President Donald Trump yesterday called for a new era of harmony in the Middle East during a global summit on Gaza’s future.
“We have a once-in-a-lifetime chance to put the old feuds and bitter hatreds behind us,” Trump said, and he urged leaders “to declare that our future will not be ruled by the fights of generations past.”
His Majesty King Hamad headed Bahrain’s delegation to the summit, hosted by Egypt in Sharm el Sheikh.
Leaders from 20 Middle East and European countries attended the summit, co-chaired by President Trump and Egyptian President Abdel Fattah Al Sisi.
Upon his arrival at the summit hall, His Majesty was received by President Al Sisi, who thanked him for accepting the invitation to participate in the summit.
Afterwards, His Majesty and the leaders witnessed the signing of a comprehensive document on the Gaza Agreement.
It was signed by President Trump, President Al Sisi, the Amir of Qatar Shaikh Tamim bin Hamad Al Thani and Turkish President Recep Tayyip Erdoğan.
Egypt’s presidency said that discussions included the governance, security and reconstruction of Gaza.
“Now the rebuilding begins,” Trump said at the summit, delivering an expansive speech where he described in grand terms the Gaza agreement he helped broker, saying it could be ‘the greatest deal of them all’.
The Egyptian President stressed the importance of implementing the two-state solution and said he would host a summit for the reconstruction of Gaza.
Trump’s whirlwind trip, which included the summit in Egypt and a speech at the Knesset in Jerusalem earlier in the day, comes at a fragile moment of hope for ending two years of war between Israel and Hamas.
“Everybody said it’s not possible to do.

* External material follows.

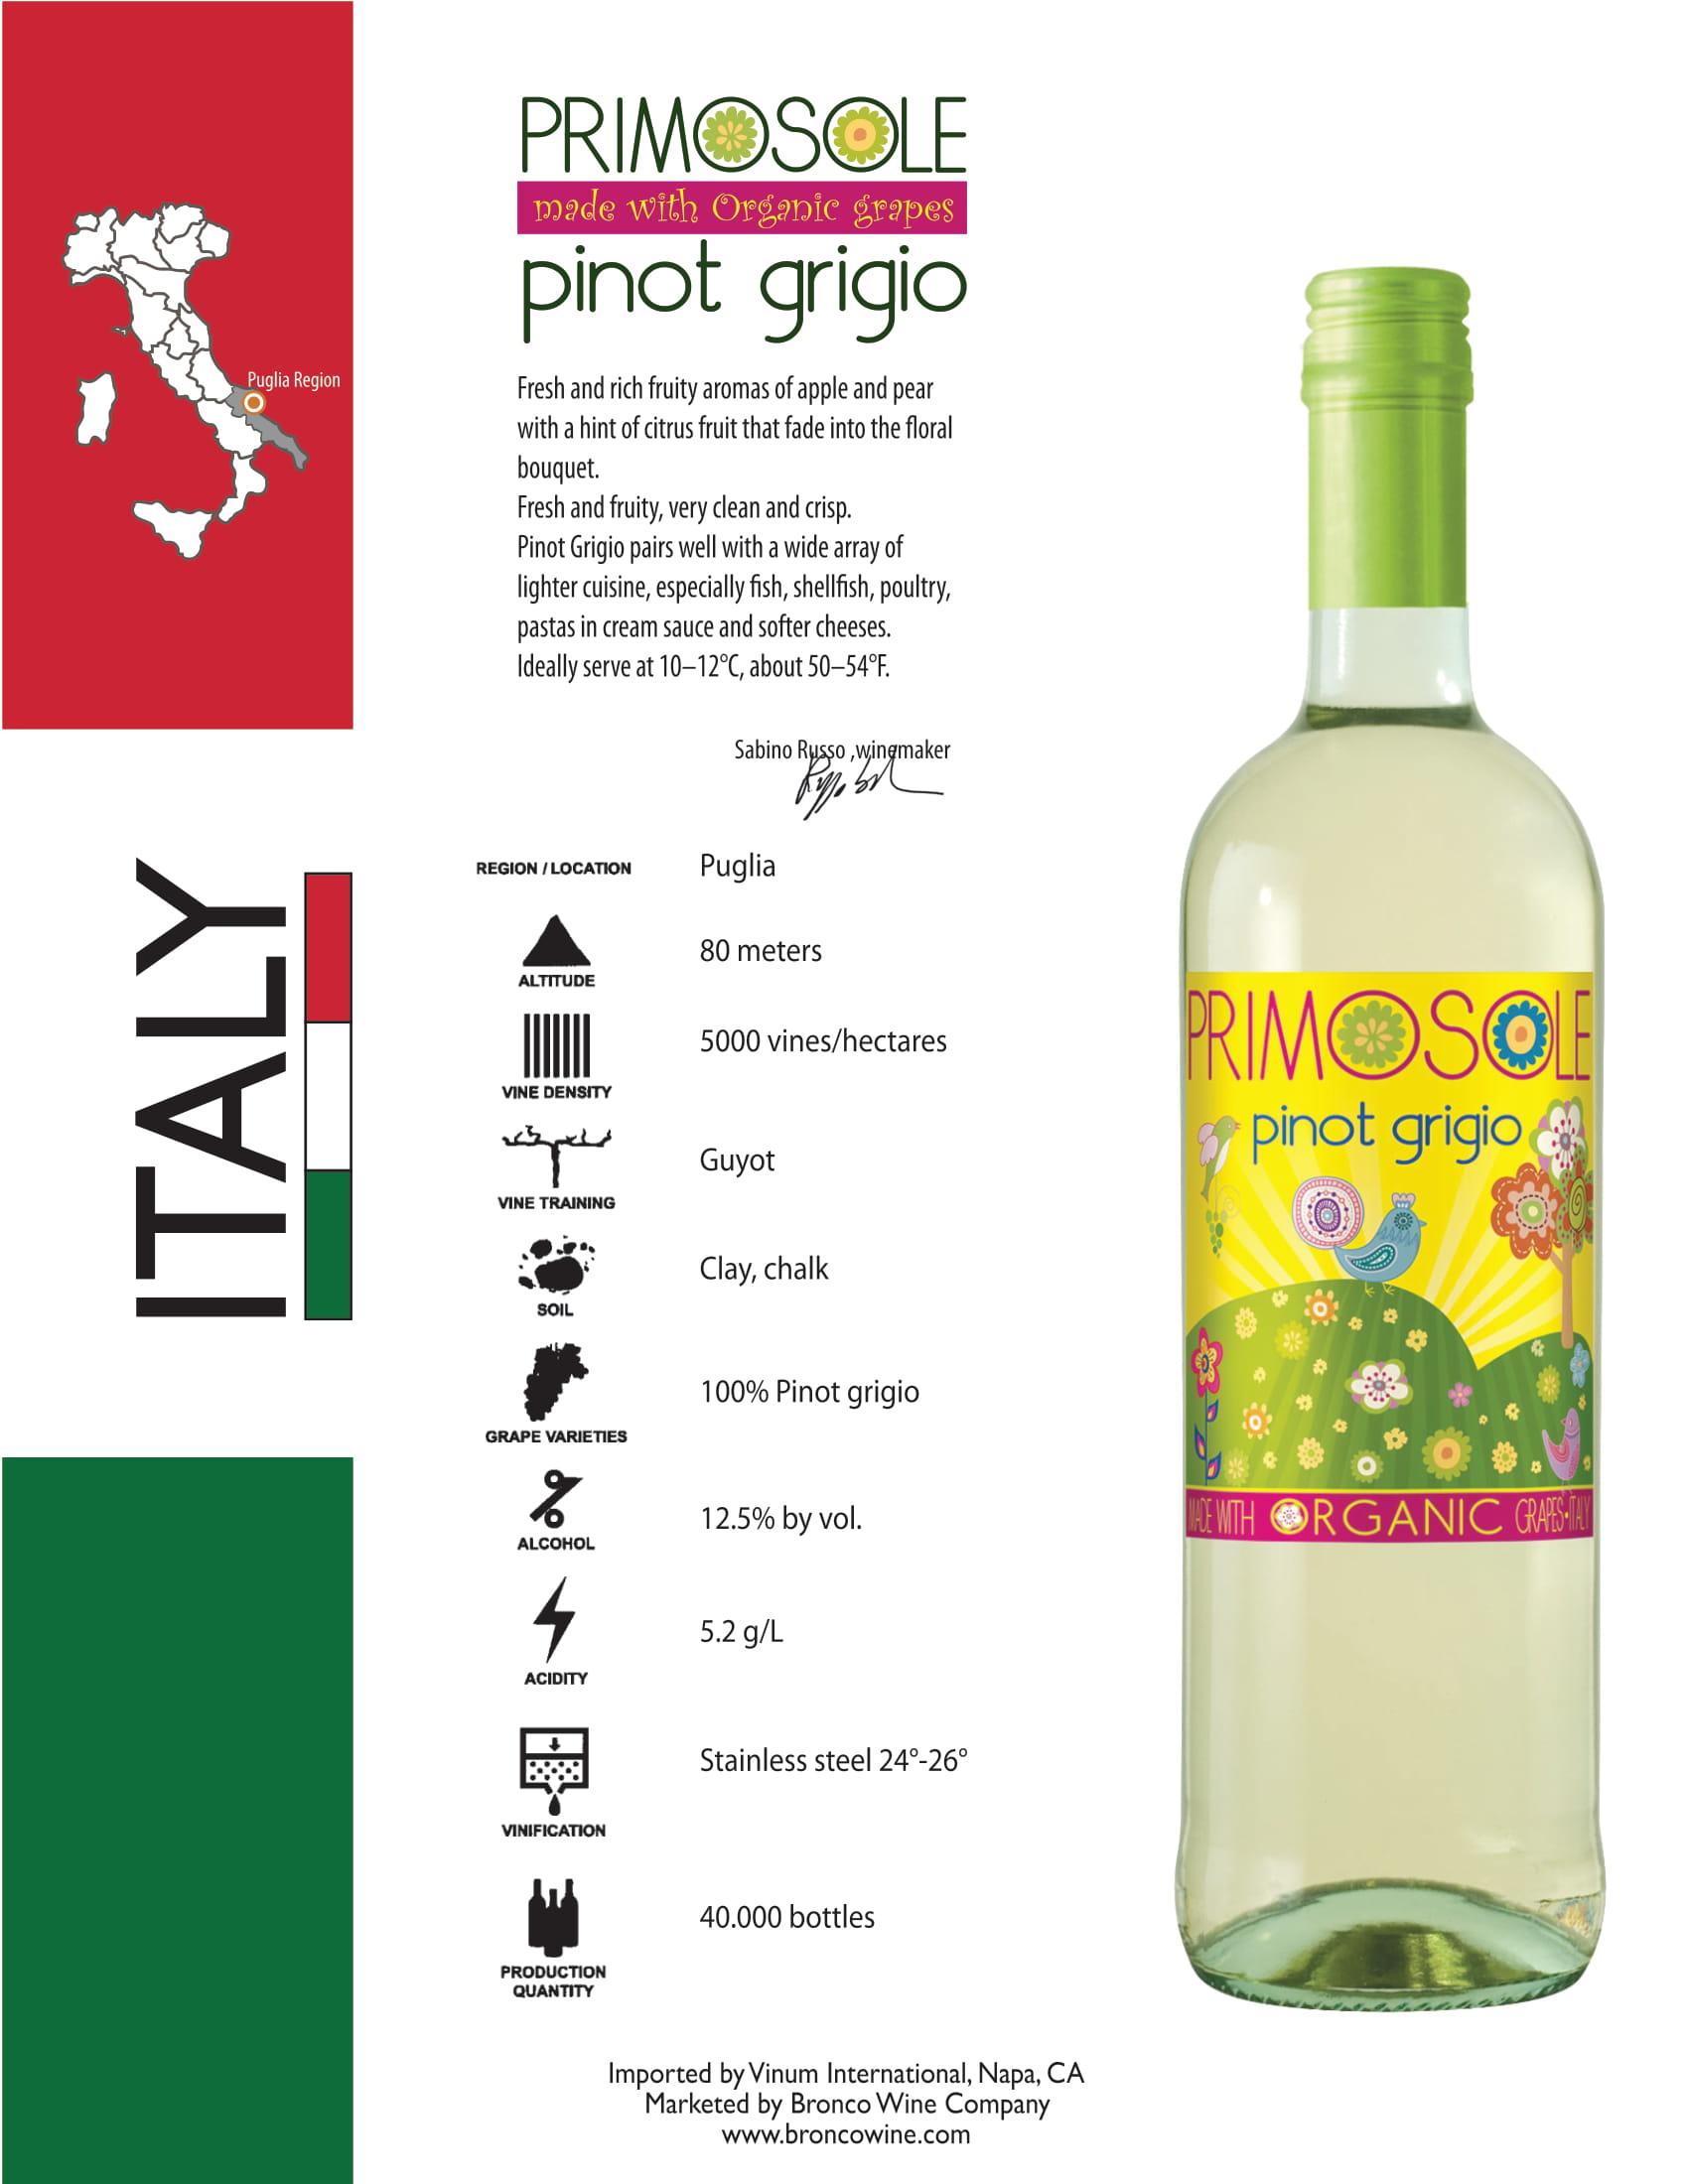 PrimoSole Pinot Grigio Tech Sheet

And it’s going to happen. And it is happening before your very eyes,” Trump said alongside President Al Sissi.
He promised to help rebuild Gaza.
Hamas earlier in the day freed the last living Israeli hostages from Gaza under the ceasefire deal and Israel sent home busloads of Palestinian detainees,
The Israeli military said it had received all 20 hostages confirmed to be alive, after their transfer from Gaza by the Red Cross.
In Gaza, thousands of relatives, many weeping with joy, gathered at a hospital where buses brought home some of the nearly 2,000 Palestinian prisoners and detainees to be freed by Israel as part of the accord.
The Israeli hostages freed were the last still alive in captivity from 251 seized in the Hamas-led attacks of October 7, 2023.
The ceasefire and partial Israeli withdrawal agreed last week halted one of Israel’s biggest offensives of the war, an all-out assault on Gaza City that was killing scores of people per day.
Since then, huge numbers of Palestinians have been able to return to the ruins of homes in the Gaza Strip, swathes of which were reduced to a wasteland by Israeli bombardment that killed 68,000 people, according to Gaza health authorities.
Formidable obstacles remain, even to securing an enduring ceasefire, much less to bringing a wider, more durable peace.
Aid supplies must be rushed into the enclave, where hundreds of thousands of people face famine. UN aid chief Tom Fletcher underlined the need to “get shelter and fuel to people who desperately need it and to massively scale up the food and medicine and other supplies going in”.
Beyond that, crucial issues have yet to be resolved, including how to govern and police Gaza, and the ultimate future of Hamas.